How do we do that? Well, we can consider the kind of mistakes we expect human players to make and expand on those. Players often overestimate their own resources and overextend. Perhaps the AI spends everything it has immediately and keeps nothing in reserve, leaving itself open after exhausting all of its resources. Players can also play too cautiously, keeping too much in reserve and only spending the absolute minimum. We could make an AI greedy to stockpile resources but only use them when they're near full. Players often tunnel vision on one target and forget to tend other tasks they need to do. We can make an AI do that as well.

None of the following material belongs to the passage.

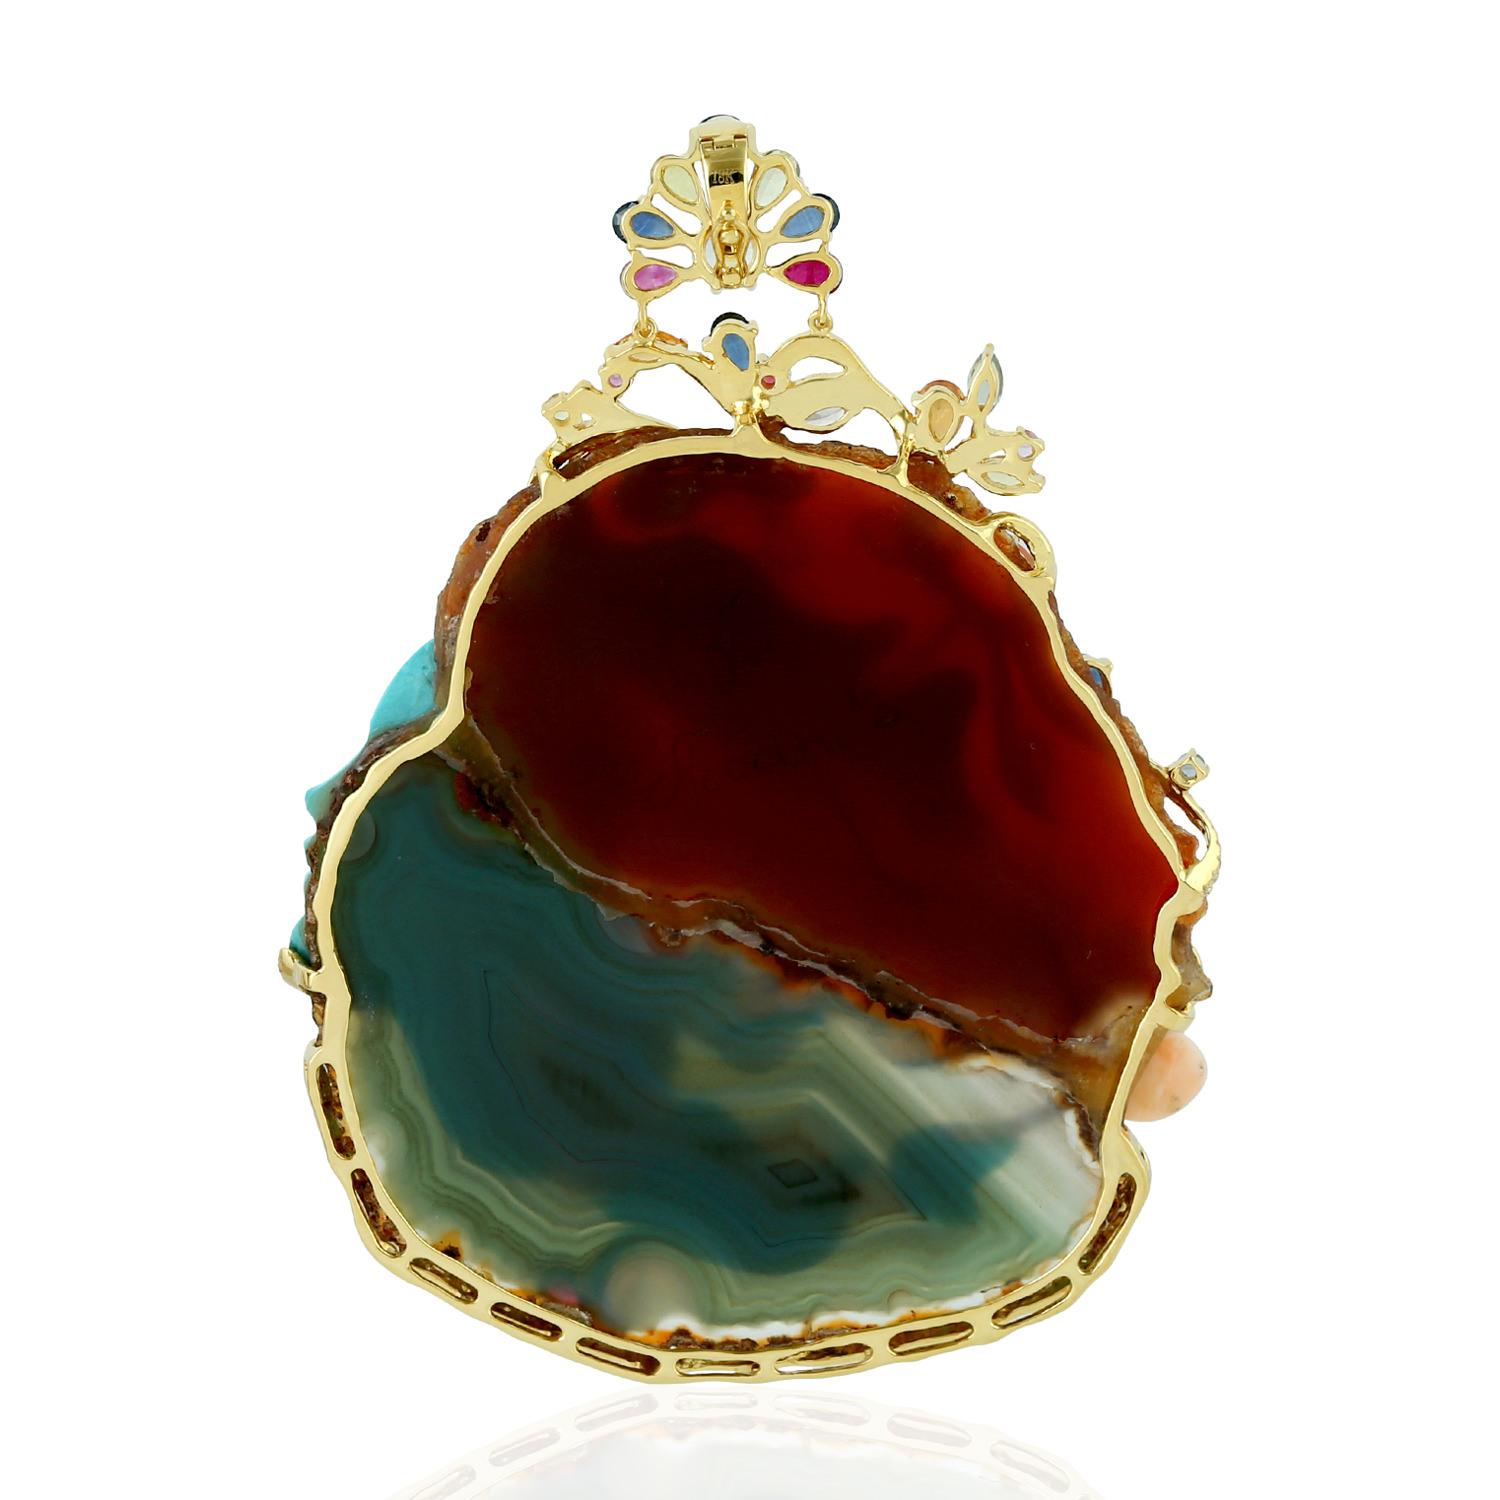 Cast in 18 Karat gold, this beautiful pendant features 196.39 carats of carved multi gemstone, 5.24 carats sapphire, .79 carats ruby & 2.0 carats of sparkling diamonds.  

FOLLOW  MEGHNA JEWELS storefront to view the latest collection & exclusive

These design choices would make the AI players feel more like human players to play against by embracing human foibles as their own driving directives. Similarly, such directives also give the AI weaknesses that a player can observe and exploit to win. If you take a step back, you're looking at the basis for all of game design. We want the players to have a specific experience (e.g. a match that feels like playing another human player rather than an AI), so we figure out what it would take for the player to have that experience, and we construct those bits to convince the player it is happening.